Aerijo commented 5 years ago

Why is programming still in the hands of English-knowing communities? I am concerned with it's distribution, not with it's existence!

Is this rhetoric? Because I don’t think anyone is hoarding programming for themselves. I imagine it was because the English programs became popular, and the people maintaining the popular languages did not wish to fragment or over complicate communities and tools. There is no conscious effort stopping programming languages based on other languages from existing. People can choose to use and make whatever they like. Programming as an idea is not in the hands of anyone. There is nothing stopping it from being ‘open’, besides lack of popularity for the idea.

Also, supporting multiple languages (or any change) is not free; there is a maintenance cost. Biblatex is a free tool, and unnecessary features can waste the limited time and effort that could be used on other things. This cost also extends to any tools that want to work with biblatex. I know mine will not support alternative language inputs, even if it is ultimately supported here. It’s just not worth my time implementing and maintaining.

As others have said earlier, supporting output in the language of choice is a necessary feature for this kind of tool. But supporting alternative input, especially in a field that is to be parsed and used to control other parts, is less useful.

plk commented 5 years ago

Apart from the theoretical discussion. Biber 2.14 DEV implements general Unicode numeric conversion for sorting purposes now. This means that things like:

% 1985 Roman numerals
@BOOK{test1,
  YEAR = {MCMLXXXV}
}

% 1987 in Sanskrit
@BOOK{test2,
  YEAR = {१९८७}
}

Will actually sort correctly. There are internal Unicode facilities in Perl which allow a completely general detection and conversion of numerics from arbitrary scripts with the caveat that the numerics must all come from the same script. This can be relaxed but there is no reason to - it's in fact regarded as a security feature in Unicode ("Script Run" detection). Now, notice that this only works with the YEAR (and MONTH) field because we parse DATE by ISO standard and they have no provision for alternate scripts. It would be relatively easy to allow scripts for DATE as a pre-parse step, as long as the numeric association was effectively a transliteration of the ISO format. Thoughts on that?

Effectively, this means we can support Unicode even in integer sorting for, for example, fully Sanskrit bibliographies, which does seem reasonable.

With respect to actual programming languages which allow Unicode (for the actual language, not data), see Perl 6 - you can actually change the language and code in arbitrary Unicode scripts so that theoretically you could have an entire program in Sanskrit. Not sure how much use this would generally be in the culture of cut and paste github programming though ...

u-fischer commented 5 years ago

@plk what does "that the numerics must all come from the same script" means? In one entry or in all year fields everyhere in the complete bib (in all bib's) used be the document?

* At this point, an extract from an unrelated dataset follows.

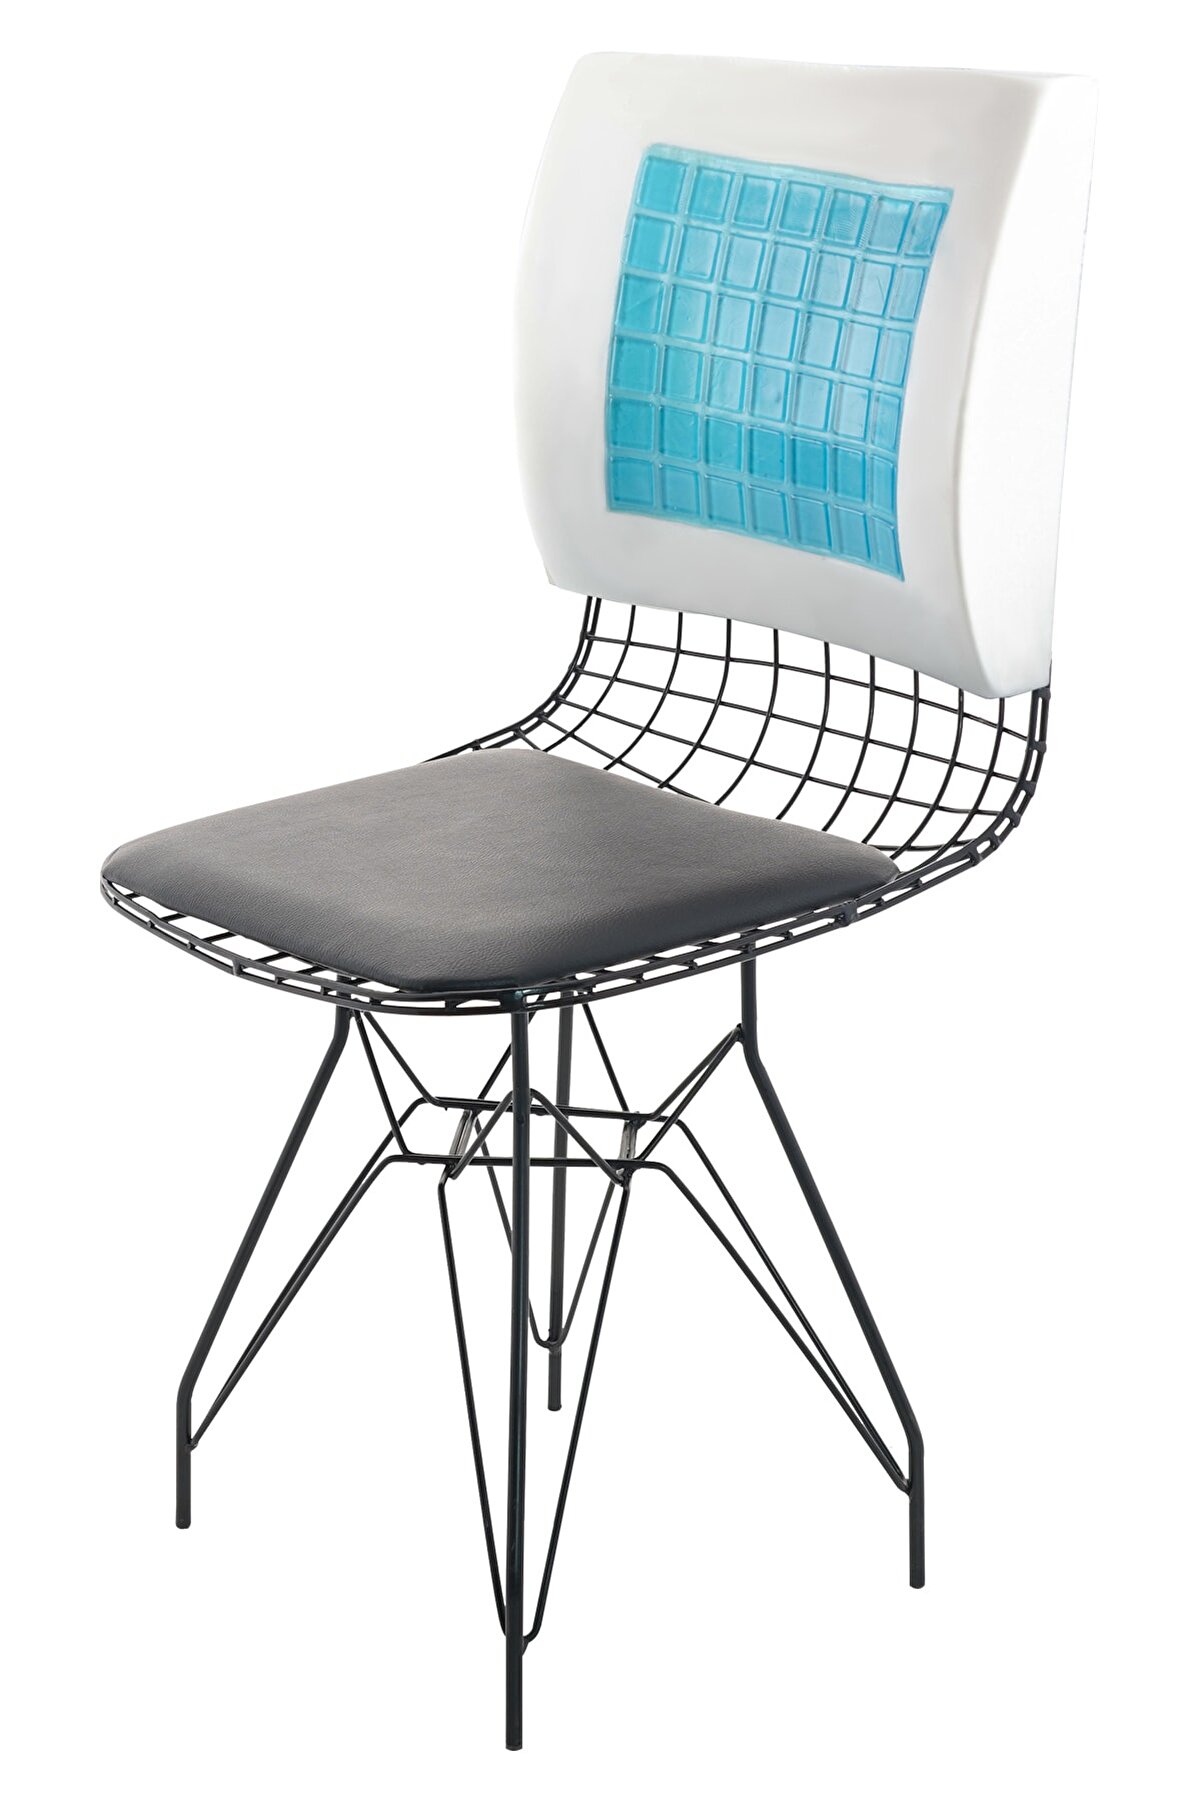 Viscofoam Terletmeyen Ortopedik Bel Yastığı Ofis Sandalye Araç Koltuk Bel Destek Yastığı Visco Bel Yastığı

moewew commented 5 years ago

Cool. Does that only apply to year and month or also to other fields declared as integer? How would it interface with noroman?

It would only make sense to transliterate date if people actually think this is a useful input format.

@NiranjanTambe Would it be natural to give the date 15. January 1987 in ISO format (1987-01-15) as १९८७-०१-१५ or would you go for the ASCII 1987-01-15?

plk commented 5 years ago

In one field/string - so it's barely a limitation at all. See the comments on the /u modifier here and the section on "Script Runs" on the same page: perldoc.perl.org/5.30.0/perlre.html

u-fischer commented 5 years ago

How is then the output in the bbl? Are the years normalized there or are the styles preserved?

plk commented 5 years ago

@u-fischer - the .bbl is not changed - it outputs what the user input. It's just the internal sorting data that has the converted numerics to allow proper comparison.

plk commented 5 years ago

@moewew - it's all integer fields. noroman prevents the numeric conversion of anything detected as roman for sorting purposes.

u-fischer commented 5 years ago

@plk but then we are back at the problem I mentioned above: if some biblatex code tries to compare the years or month as numbers it will fail now.

plk commented 5 years ago

True but there is no functional change so far, just sorting works. What we would need to do is to output a normalised numeric field for comparisons.

moewew commented 5 years ago

@u-fischer But will that code not have had the same issue without this change. This is purely about sorting. I can sort of see the appeal in producing a normalised output, but on the other hand it might be counter-intuitive if not downright frustrating for users to have some parts of their input changed (from Indic to Arabic numbers for example) without them being able to do something about it. (Take the number of people complaining about the URI encoding for url.)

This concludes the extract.